Eindring­lich werden die Klas­sen­un­ter­schiede in Szene gesetzt: Während Paula mit ihrer Neben­fi­guren-Mutter (über­ra­gend gespielt von Jule Böwe), die nur einen äußerst begrenzten Satz­vorrat zur Verfügung hat – »Ich habe mir Sorgen gemacht« –, in einem trost­losen mono­chromen Plat­tenbau lebt, wohnt ihre Schul­freundin Hannah (Sira-Anna Faal) mit ihrer Familie in einer großen bunten Villa. Wenn dort der Vater nach Hause kommt, beginnt die ganze Familie auf Stichwort bestens gelaunt eine kleine Musical-Nummer aufzu­führen, wobei sie sich dabei selbst­kri­tisch auf kleine Fehler hinweist, denn Perfek­tion ist das erklärte Ziel.
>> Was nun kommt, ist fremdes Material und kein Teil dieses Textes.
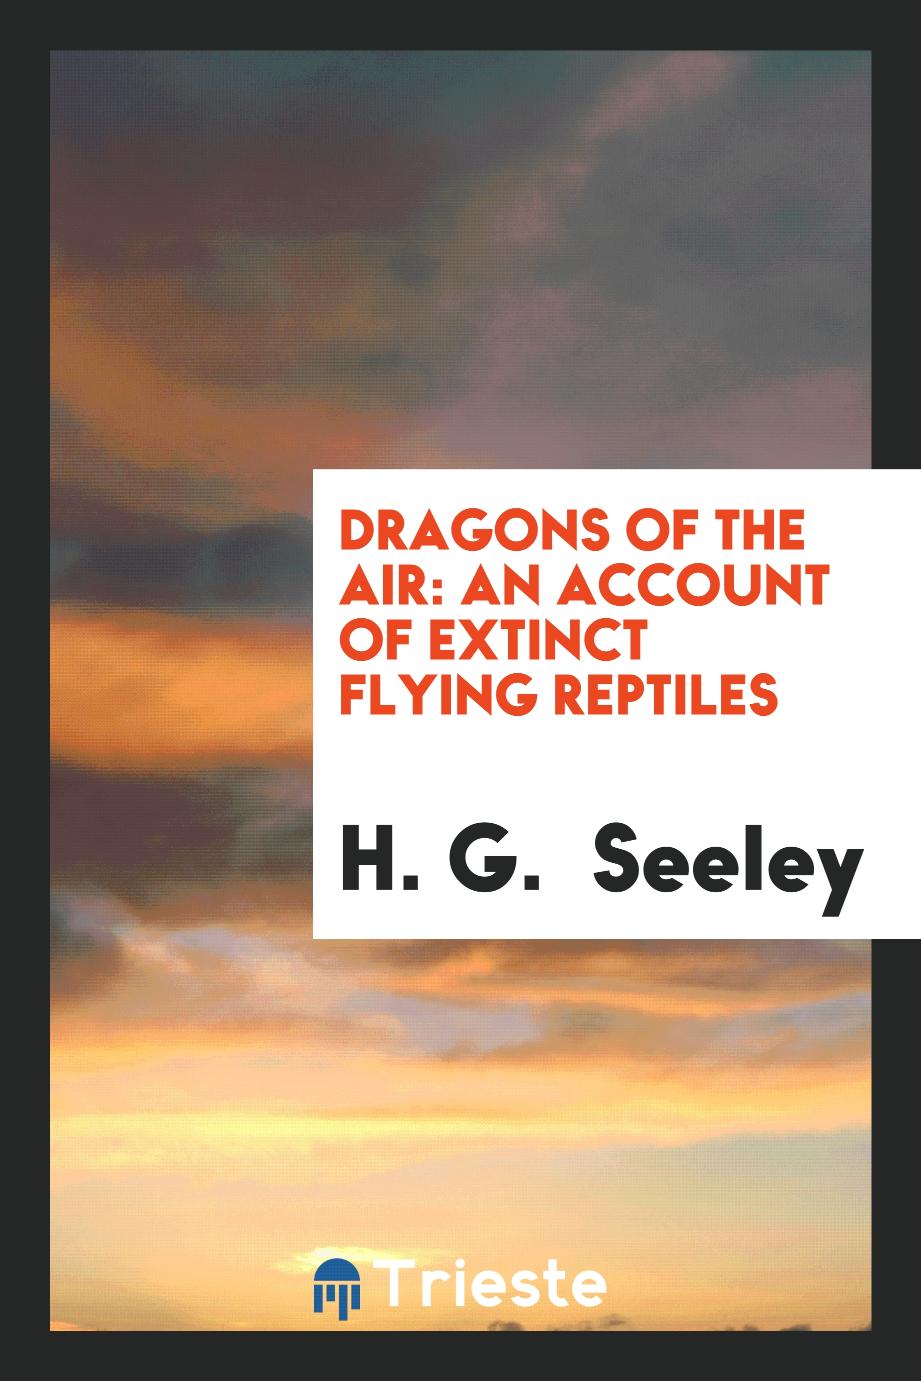 Dragons of the air: an account of extinct flying reptiles

Die klare Farb­ge­bung und Licht­ge­stal­tung unter­strei­chen die unter­schied­li­chen Lebens­welten, die noch einmal kontras­tiert werden von dem stets dunkel-nächt­li­chen, umzäunt und streng bewachten Areal der Outtakes, Schwarz-Weiß-Figuren und ähnlichem im hellen Haupt­be­zirk nicht gedul­deten Rollen­per­sonal. Die Unzu­frie­den­heit der an den gesell­schaft­li­chen Rand gedrückten und in slumähn­li­chen Verhält­nissen wohnenden Outtakes schafft sich mit kleinen Explo­sionen und Störungen der Film­auf­nahmen Gehör. Aber der Poli­zei­staat unter­drückt dies mit allen Mitteln und hat sich mit dem »Großen Massaker« eine Erin­ne­rungs­ideo­logie geschaffen, die eine großan­ge­legte Verfol­gung der Oppo­si­tion verschleiern soll.

Man könnte jetzt tatsäch­lich in Versu­chung kommen, den gesamten Film nach­zu­er­zählen, weil er gespickt ist mit film­re­fe­ren­ti­ellen Details (zum Beispiel kleinen Ausset­zern und Film­feh­lern bei Simon, einem Outtake und Freund Paulas – Montage Kai Eiermann) und lustigen Einfällen (Lassie-Cameo etc.), zusam­men­ge­halten von der drama­ti­schen Selbst­fin­dung und Eman­zi­pa­tion der Prot­ago­nistin, die dann auch gesell­schaft­lich-poli­ti­sche Impli­ka­tionen entwi­ckelt und die strenge Film­fi­guren-Hier­ar­chie in Frage stellt. Das ist natürlich vor allem ein Kompli­ment an das außer­ge­wöhn­liche Drehbuch von Sophie Linnen­baum und Michael Fetter Nathansky. Aber auch der gesamte Cast (Karl Schirn­hofer) ist toll zusam­men­ge­stellt und überzeugt, wie man so schön sagt, bis in die kleinste Neben­rolle. Allen voran die Prot­ago­nistin Fine Sendel, die immer wieder im Close-up die tragi­ko­mi­sche Film­hand­lung letztlich tragen muss und dies bravourös leistet. Vor allem in den Szenen mit Mutter und Tochter erzählt der Film eine psycho­lo­gisch stimmige und berüh­rende Geschichte des Erwach­sen­wer­dens. Paula erkennt die absolute emotio­nale und sprach­liche Beschränkt­heit ihrer im Neben­fi­guren-Korsett agie­renden Mutter, reagiert darauf aber mit Mitgefühl und Achtung statt mit Abwertung und Aggres­sion und kann sie dadurch am Ende ein wenig von ihrer Beschrän­kung befreien. Das ist eine wunderbar weise und stille Botschaft. Wie sich überhaupt alle hoff­nungs­vollen Botschaften, die diese Dystopie vermit­telt, in ihrer Unauf­dring­lich­keit wohltuend abheben von den immer lauter und pene­tranter vorge­tra­genen Aussagen ameri­ka­ni­scher Block­buster wie etwa Avatar: The Way of Water, wo zum Beispiel der Fami­li­en­zu­sam­men­halt (als letzter verbin­denden Ideologie einer zersplit­terten Gesell­schaft?) in endlosen pathe­ti­schen Schleifen beschworen wird, bis einem die Ohren dröhnen.